What we'll do instead is draw two dates and use whichever one is smallest as the
start, and whatever is largest at the end. This is hard to do with builds because
of the dependence between the arguments, so instead we'll use builds' more advanced
cousin, *composite*:

```python
from hypothesis import assume
from hypothesis.strategies import composite


@composite
def projects(draw):
    name = draw(names)
    date1 = draw(project_date)
    date2 = draw(project_date)
    assume(date1 != date2)
    start = min(date1, date2)
    end = max(date1, date2)
    return Project(name, start, end)
```

The idea of composite is you get passed a magic first argument 'draw' that you can
use to get examples out of a strategy. You then make as many draws as you want and
use these to return the desired data.

You can also use the *assume* function to discard the current call if you get yourself
into a state where you can't proceed or where it's easier to start again. In this case
we do that when we draw the same data twice.

```pycon
>>> projects().example()
Project 'rĂ5ĠǓ#' from 2000-05-14T07:21:12.282521+00:00 to 2026-05-12T13:20:43.225796+00:00
>>> find(projects(), lambda x: x.start > x.end)
Traceback (most recent call last):
  File "<stdin>", line 1, in <module>
  File "/usr/lib/python3.5/site-packages/hypothesis/core.py", line 670, in find
    raise NoSuchExample(get_pretty_function_description(condition))
hypothesis.errors.NoSuchExample: No examples found of condition lambda x: <unknown>
```

Note that in all of our examples we're now writing projects() instead of projects. That's
because composite returns a function rather than a strategy. Any arguments to your
defining function other than the first are also arguments to the one produced by composite.

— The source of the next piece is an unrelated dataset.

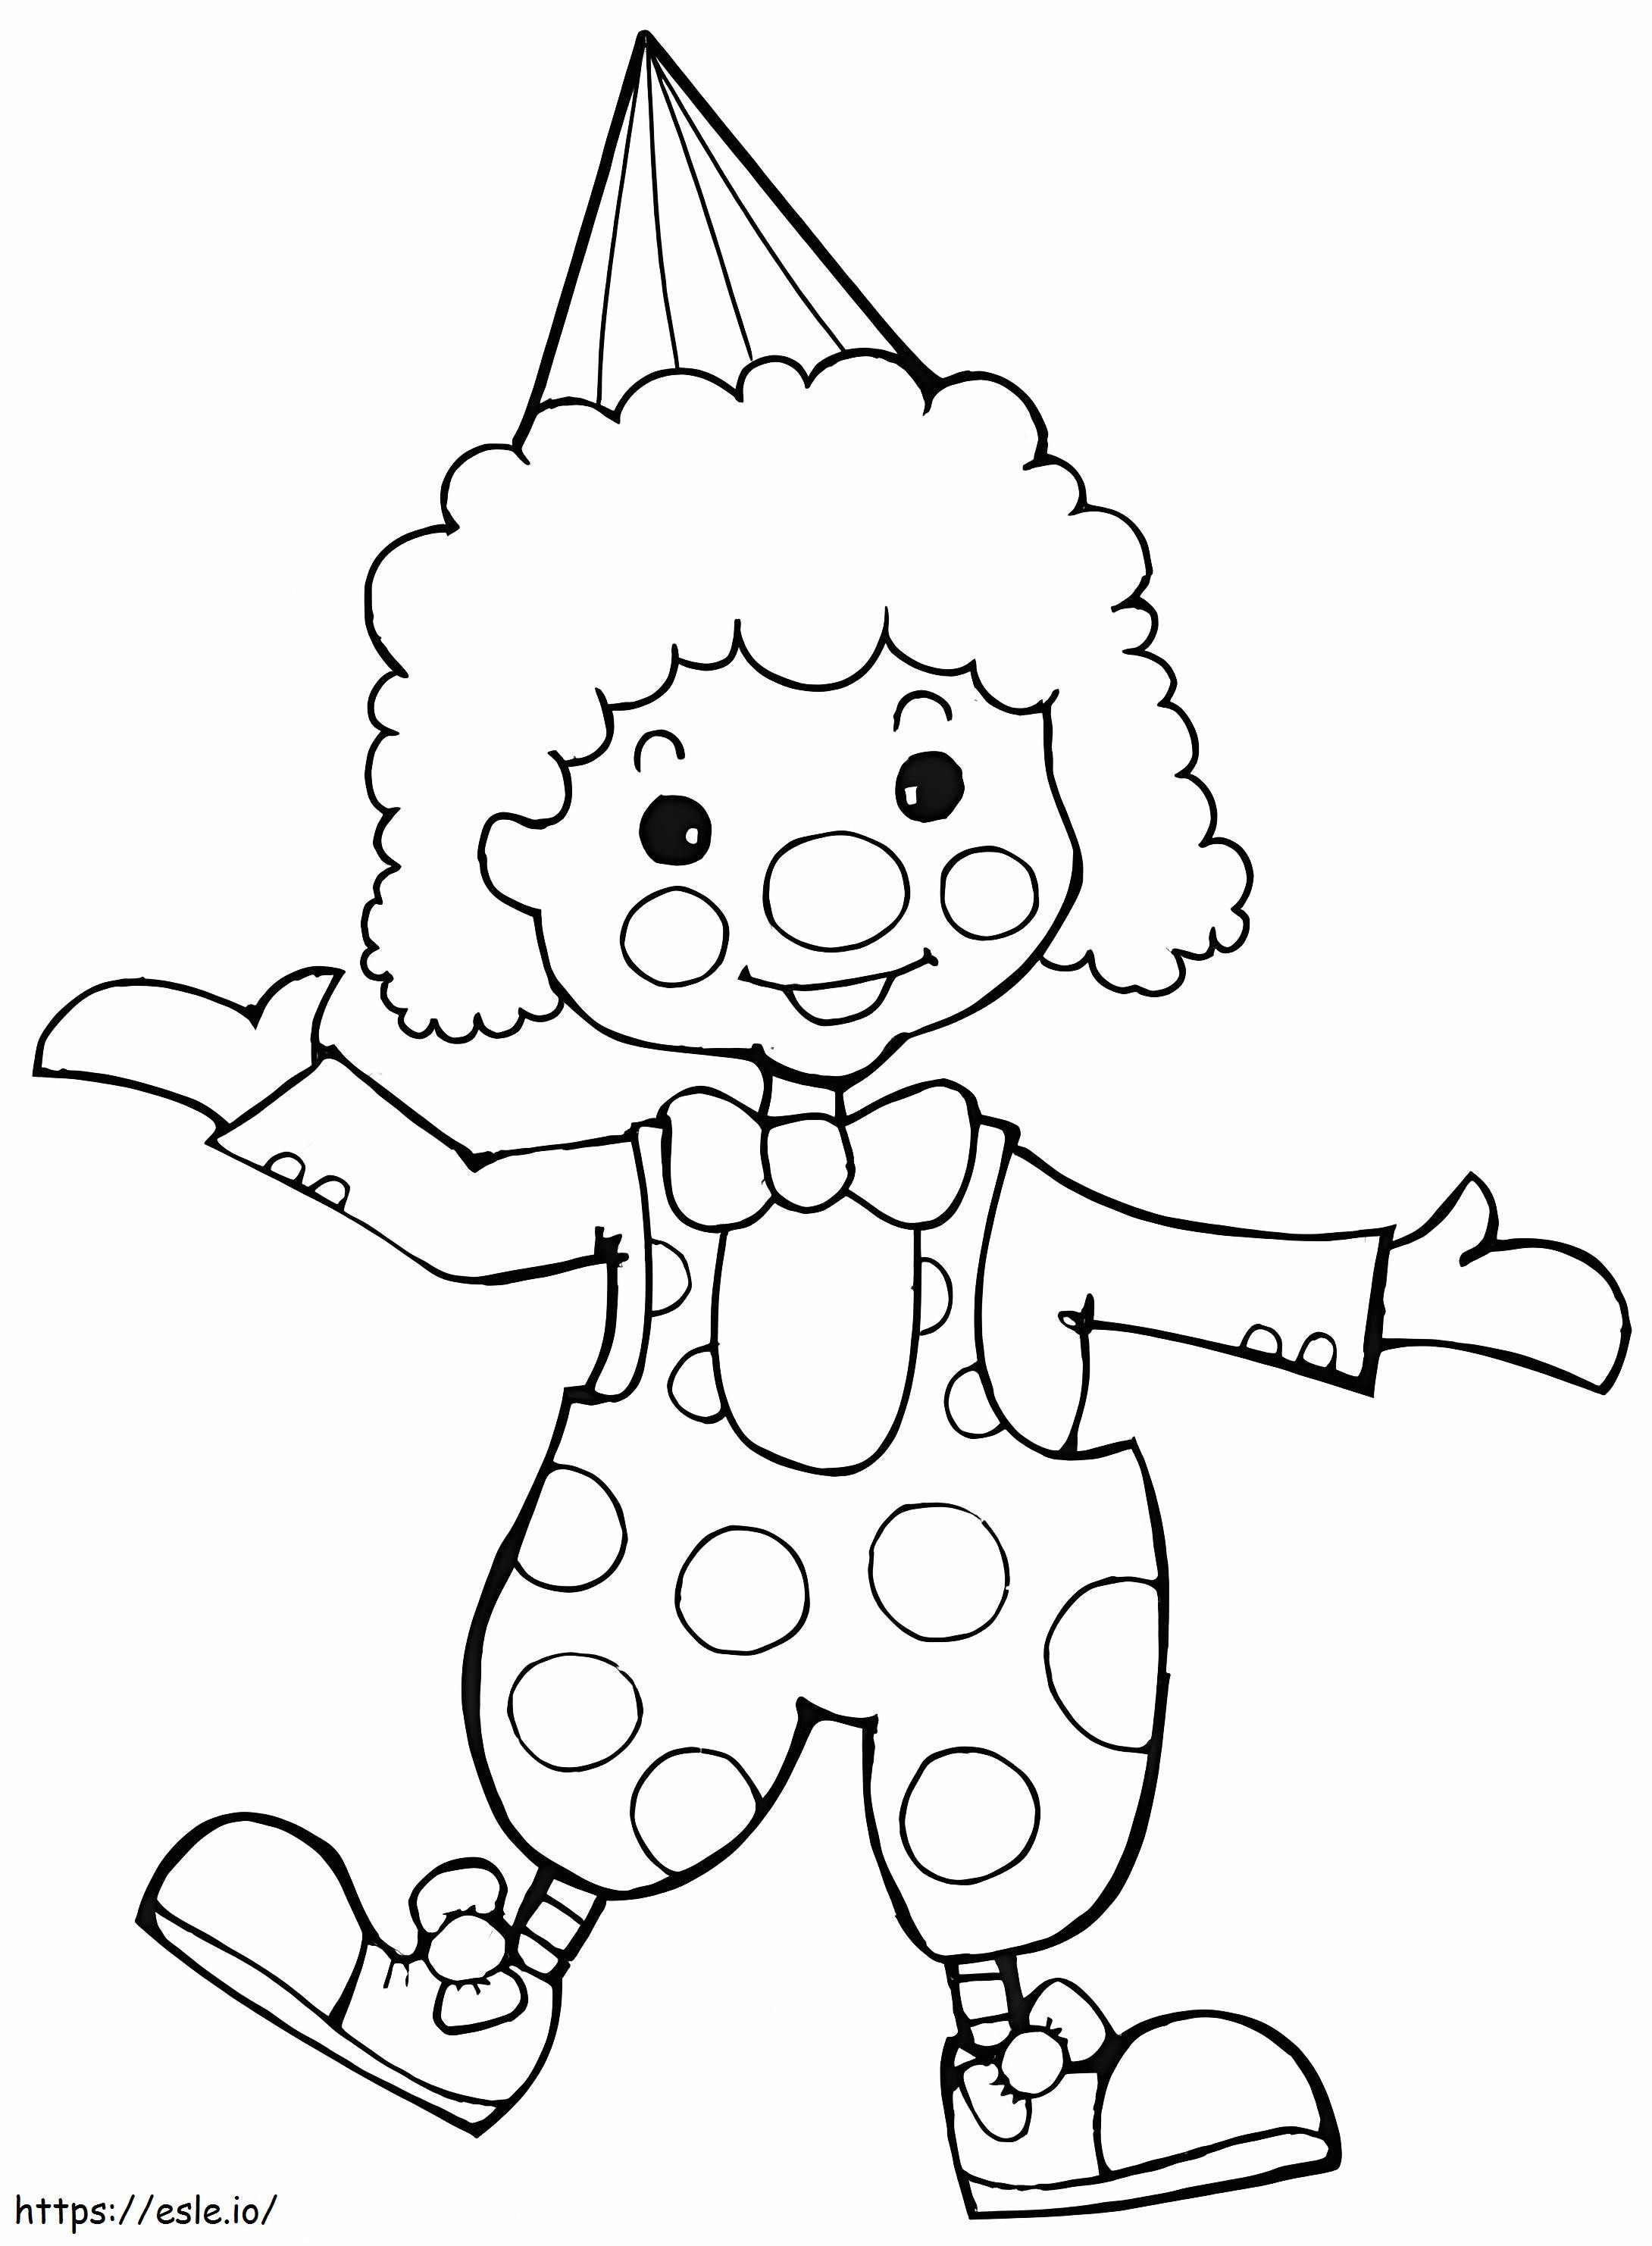 Kids Clown coloring page

We can now put together one final test that we got this bit right too:

```python
@given(projects())
def test_projects_end_after_they_started(project):
    assert project.start < project.end
```

### Wrapping up

There's a lot more to Hypothesis's data generation than this, but hopefully it gives you
a flavour of the sort of things to try and the sort of things that are possible.

It's worth having a read of [the documentation](https://hypothesis.readthedocs.io/en/latest/data.html)
for this, and if you're still stuck then try asking [the community](https://hypothesis.readthedocs.io/en/latest/community.html)
for some help. We're pretty friendly.